Cell-mediated immunity is called as such because T-cells become activated and respond to the presence of specific antigens.[22] Cell-mediated immunity is very effective against pathogenic microbes such as fungi, bacteria and viruses, certain types of cancer cells and foreign tissue transplants.[23]

There are 4 major types of T-cells:[24]

  1. Cytotoxic (killer) T-cells eliminate microbes directly or via chemicals.
  2. Memory T-cells fight pathogens that they recognize from previous exposures.
  3. Suppressor T-cells help to slow down all of the destruction the other T-cells are engaged in to prevent harm to normal cells.
  4. Helper T-cells secrete a substance called interleukin 2 that helps increase production of cytotoxic T-cells and B-cells, so more antibodies can be produced. This is called Antibody-mediated Immunity.[25]

B-cells (B lymphocytes) produce antibodies (also called Immunoglobulins or Ig’s) that bind to antigens and neutralize them.[26] The body contains millions of different B-cells that can react to one specific antigen.[27] Memory B-cells remember specific antigens from the past. Having too few immunoglobulins could suggest a bigger chance of getting infections as discussed in the Immune System Deficiencies chapter. Having too many could involve allergies or an overactive immune system, which is reviewed in the Immune System in Overdrive chapter.
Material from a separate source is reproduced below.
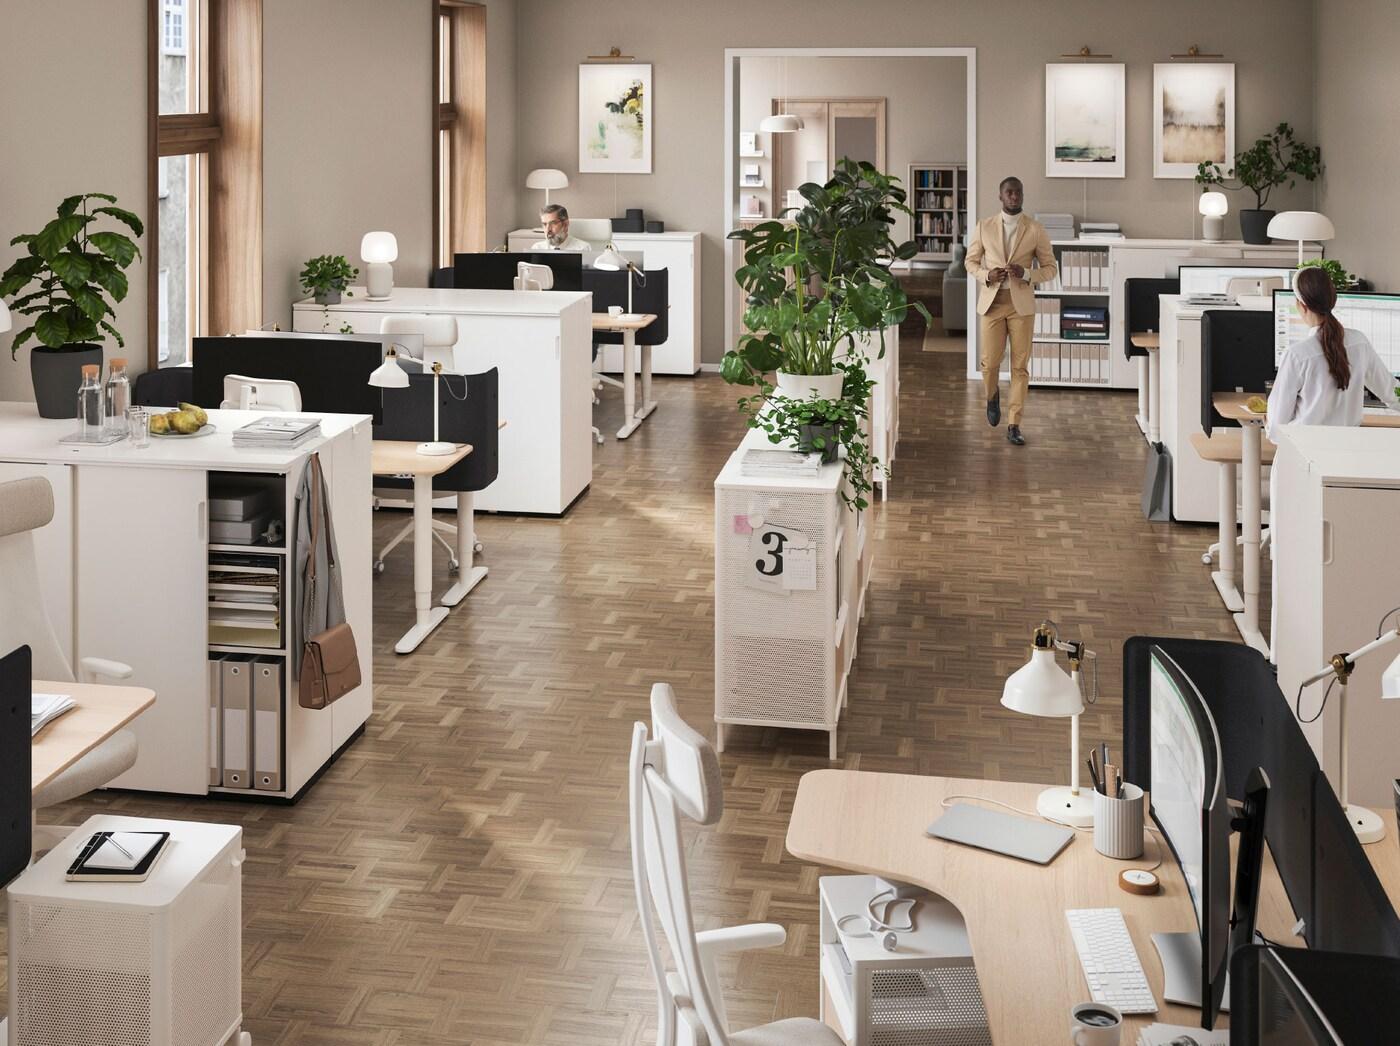 Een open kantoortuin met een opbergrek met planten in het midden. Eromheen staan bureaus bij de ramen.
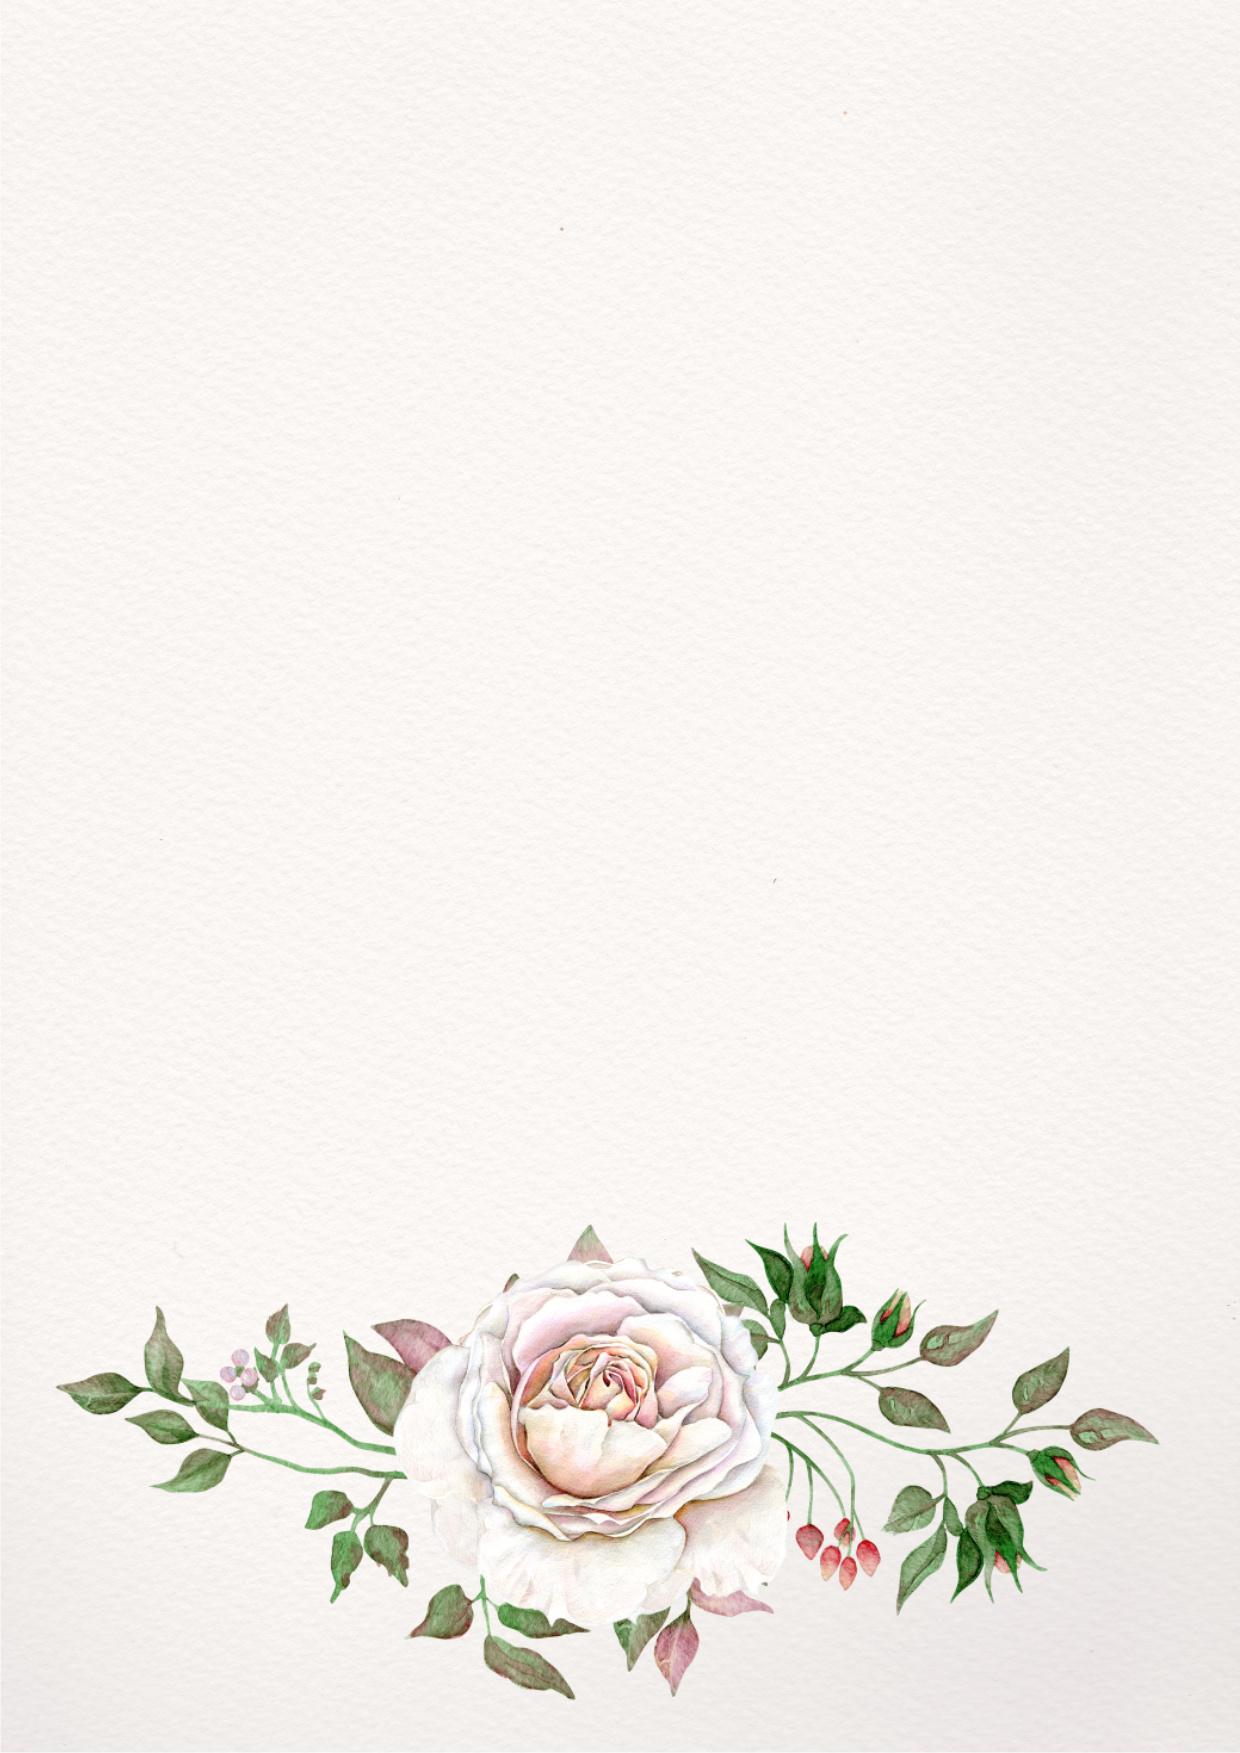 Первым днем, цветы для открытки на а4

There are 5 classes of antibodies:[28]

  1. IgG is the antibody that protects us against infection by “remembering” which antigens we’ve encountered before.[29]
  2. IgM is one of the first antibodies to sound the alarm, so it’s important in the beginning of a potential infection.[30] IgM can also appear when someone is re-exposed to a disease.
  3. IgA is generally found in mucosal areas, such as the intestine, mouth, vagina, saliva, tears, and breast milk.[31] IgA is a , first line of defense against pathogens because it can survive in tough environments such as the GI and respiratory tracts, tackling pathogens, toxins and food antigens.[32] A fecal Secretory IgA (SIgA) test can determine how strong or thin your gut-lining is, which will give an indication of an individual’s capability to win against infections, allergies and food reactions.[33] Decreased levels are most often found in individuals with low immunity, food allergies, bacterial overgrowth of the small intestine (SIBO), chronic candida, celiac disease, and inflammatory bowel diseases such as Crohn’s and ulcerative colitis.[34]
  4. IgE is responsible for the allergic response by starting a histamine response. It is mostly found in the lungs, skin, and mucous membranes, which is indicative of allergic responses such as difficulty breathing, itchiness, hives and swelling of mucous membranes.[35]
  5. IgD is the least understood antibody, but has been found to be important in the early stages of the immune response by sending signals to cells to activate.[36]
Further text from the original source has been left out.